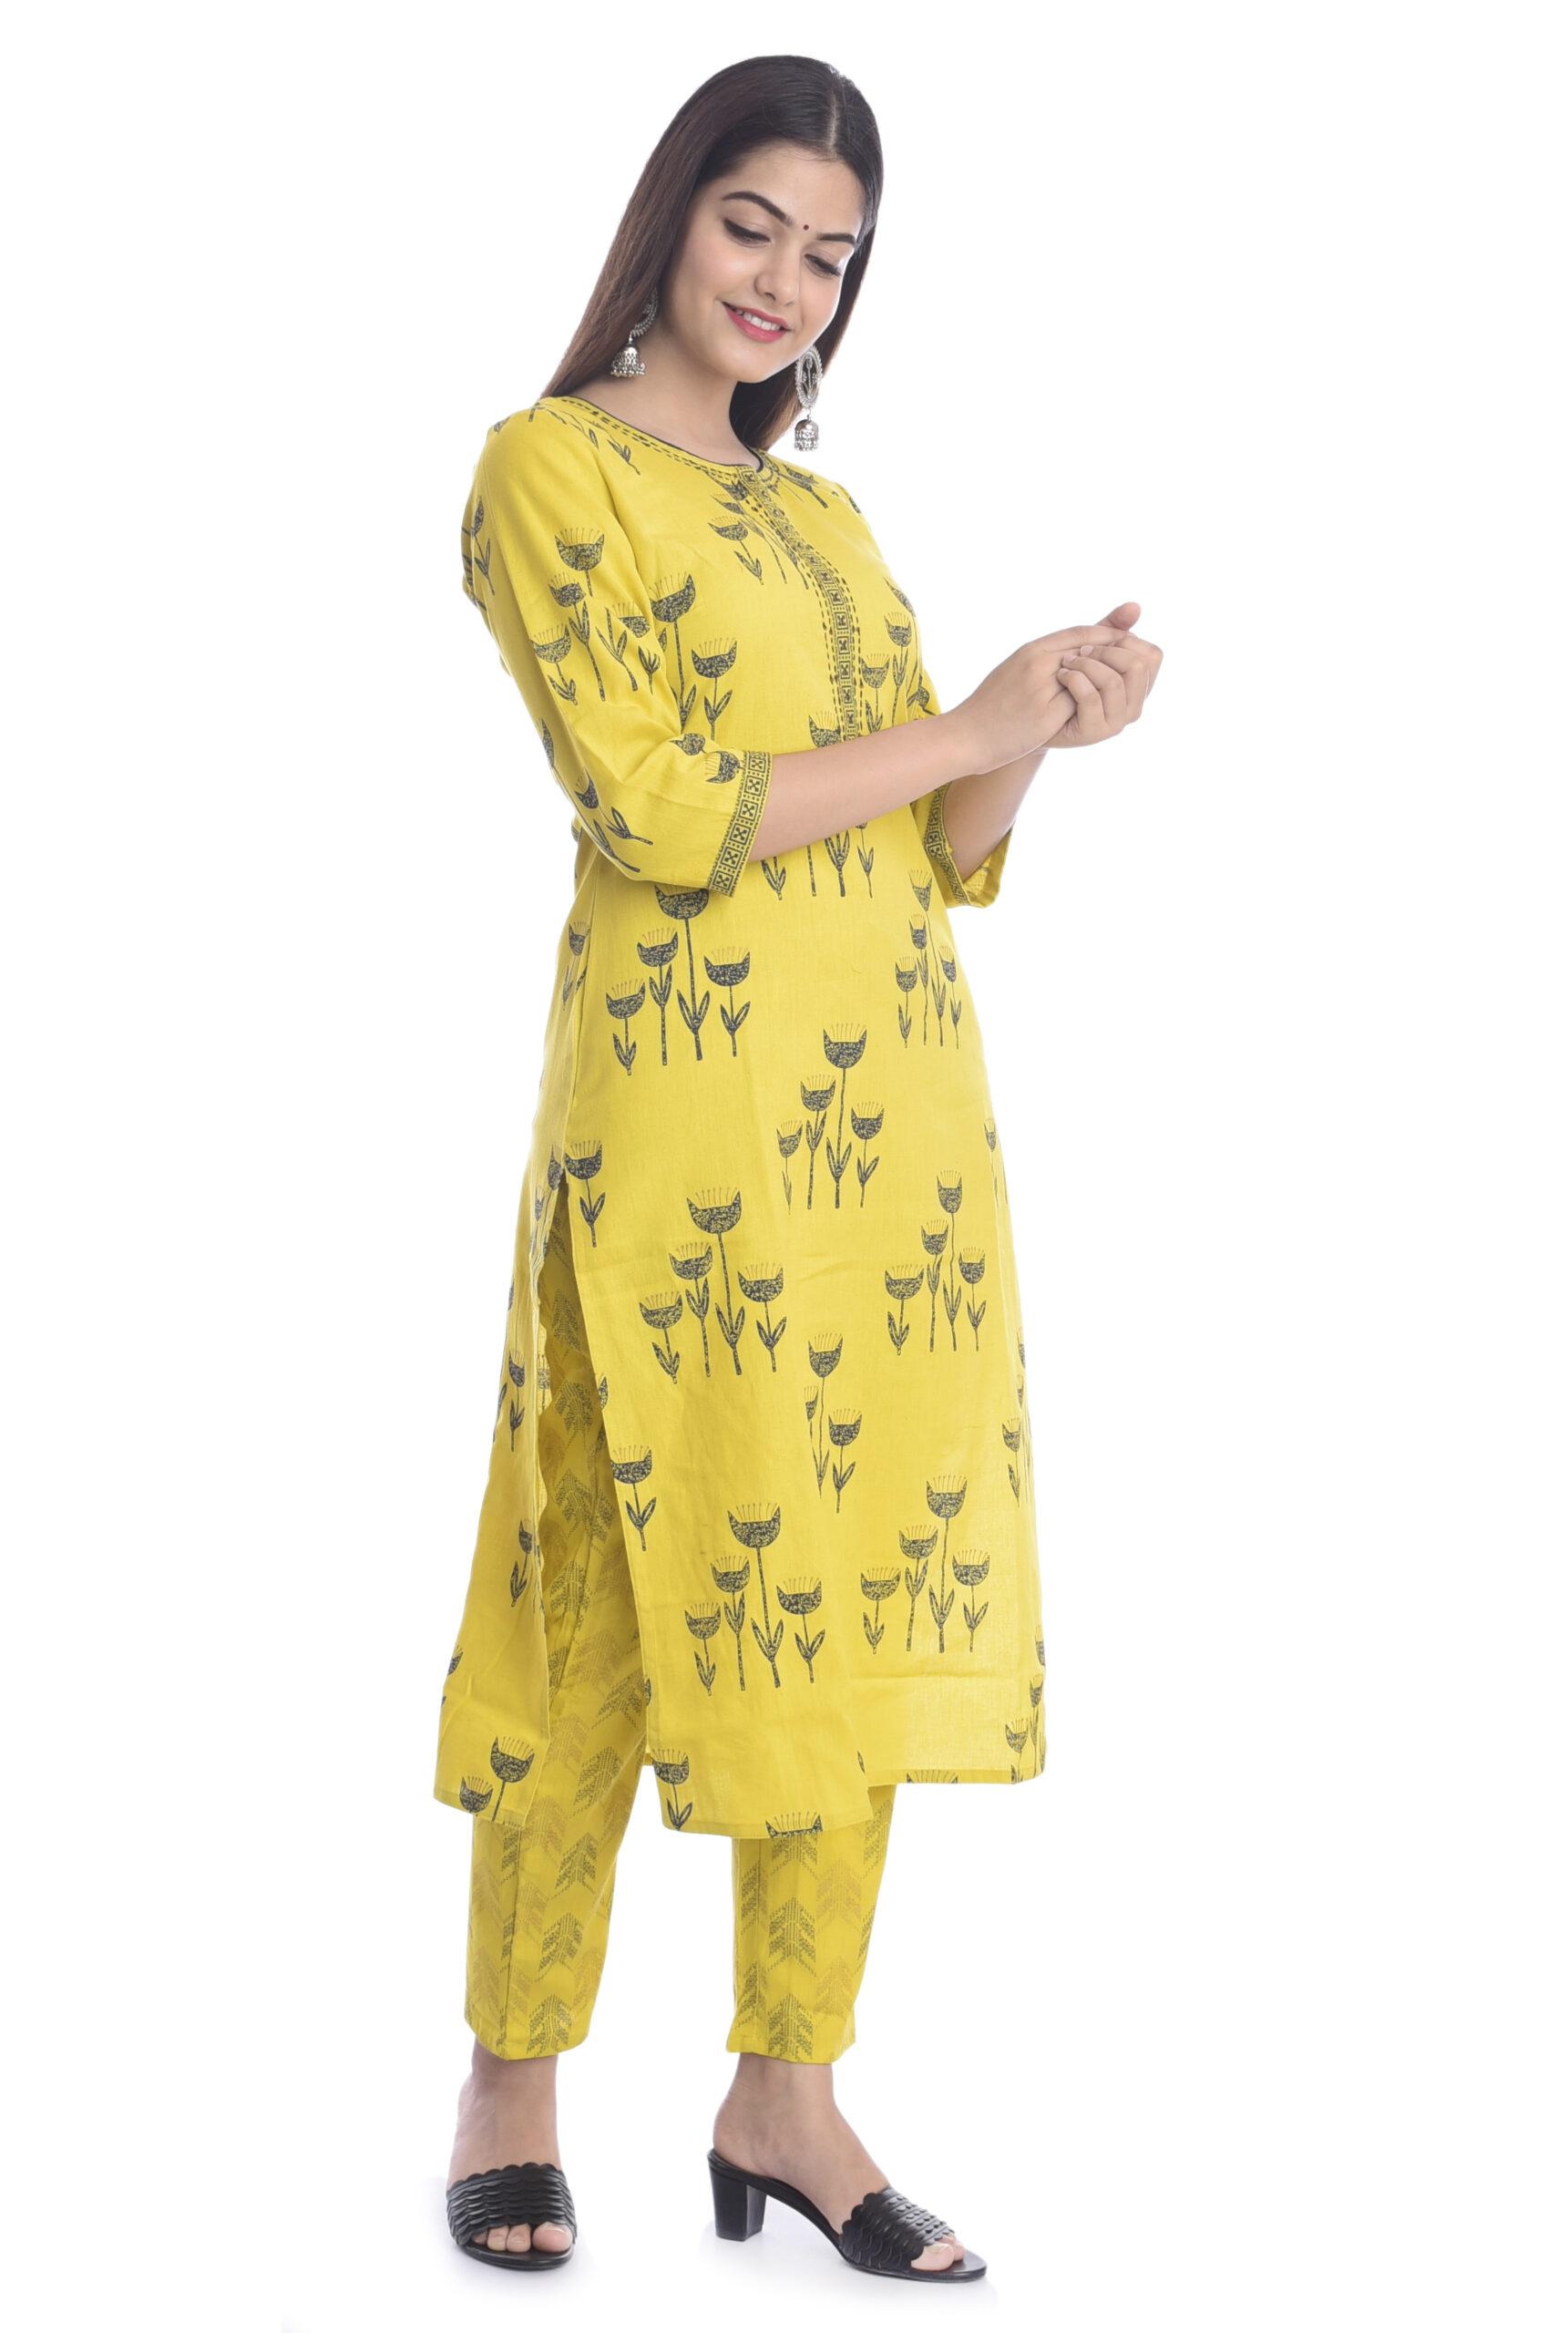 Buy Kurtis Online - 🌼KURTA SHARARA MIRROR WORK🌸 🗨️️DM to buy | ₹3̶0̶0̶0̶  ₹1290+Free Delivery 😍 Best Quality Only else Paisa Wapas👍 📦(COD/Returns)  Available✓ 🕐Delivery 6-8 days 😇Trusted Seller ⌚Selling Online From
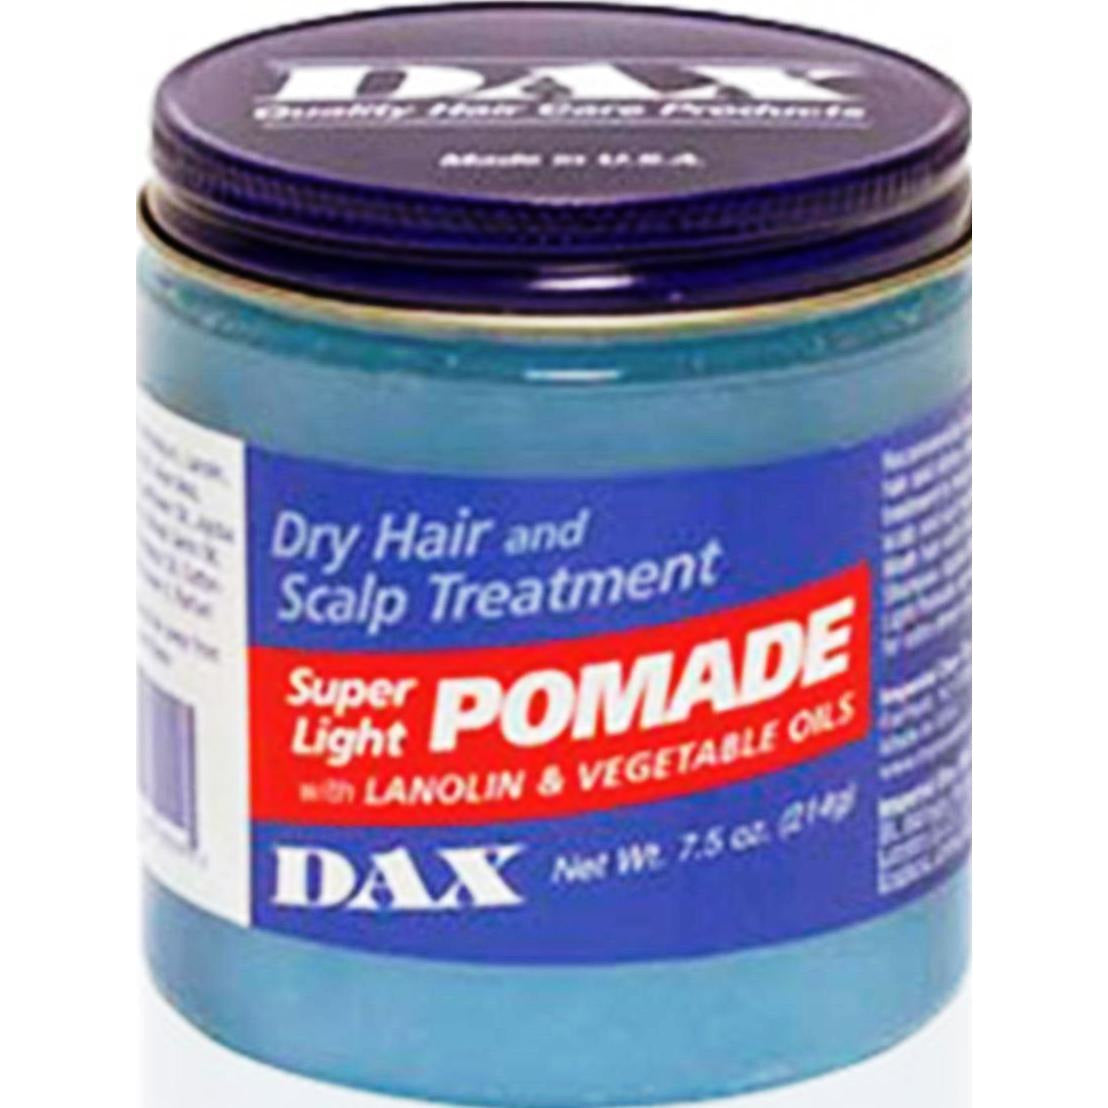 DAX Lanolin Pomade - Afro Cosmetic Shop
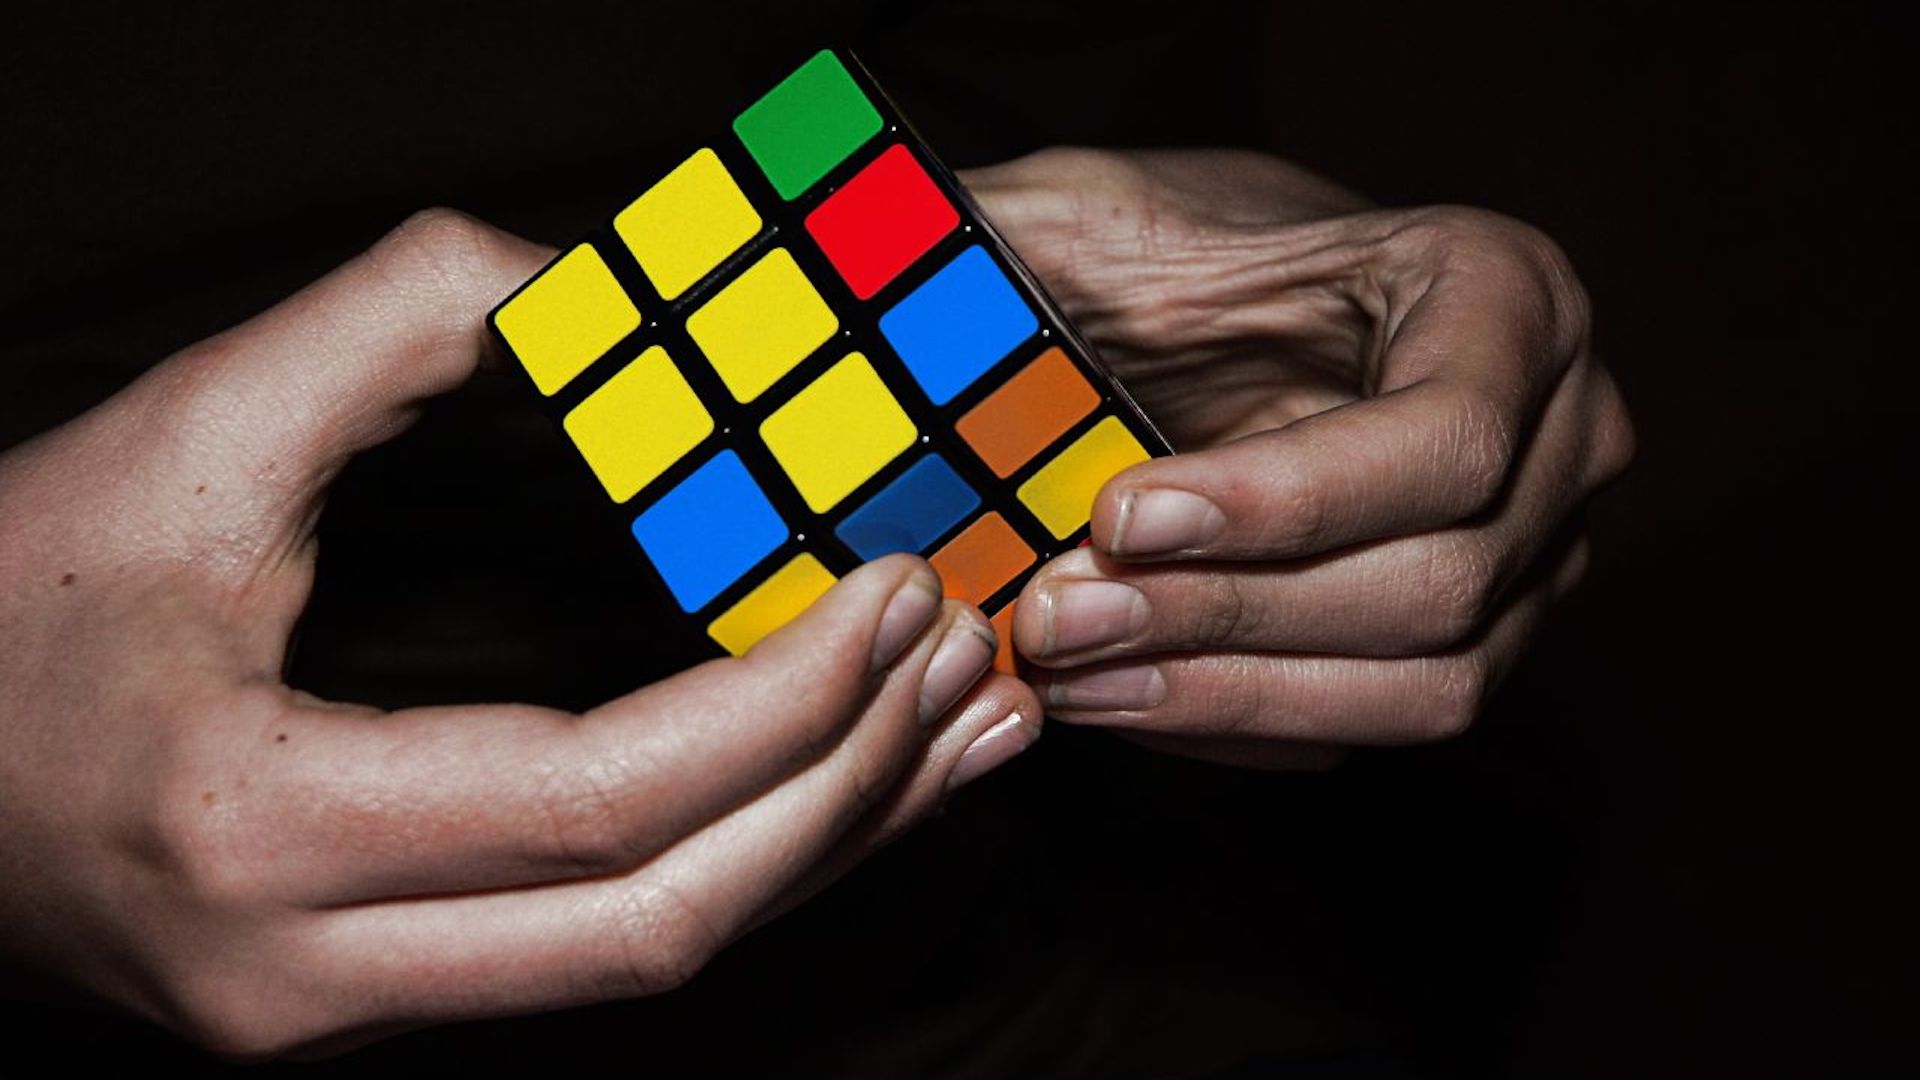 Two hands hold a Rubik's Cube

* * *

> **Work required**:
Please give all of the material again, exactly, without the images.

> **Written solution**:
 Buy Kurtis Online - 🌼KURTA SHARARA MIRROR WORK🌸 🗨️️DM to buy | ₹3̶0̶0̶0̶  ₹1290+Free Delivery 😍 Best Quality Only else Paisa Wapas👍 📦(COD/Returns)  Available✓ 🕐Delivery 6-8 days 😇Trusted Seller ⌚Selling Online From
 DAX Lanolin Pomade - Afro Cosmetic Shop
 Two hands hold a Rubik's Cube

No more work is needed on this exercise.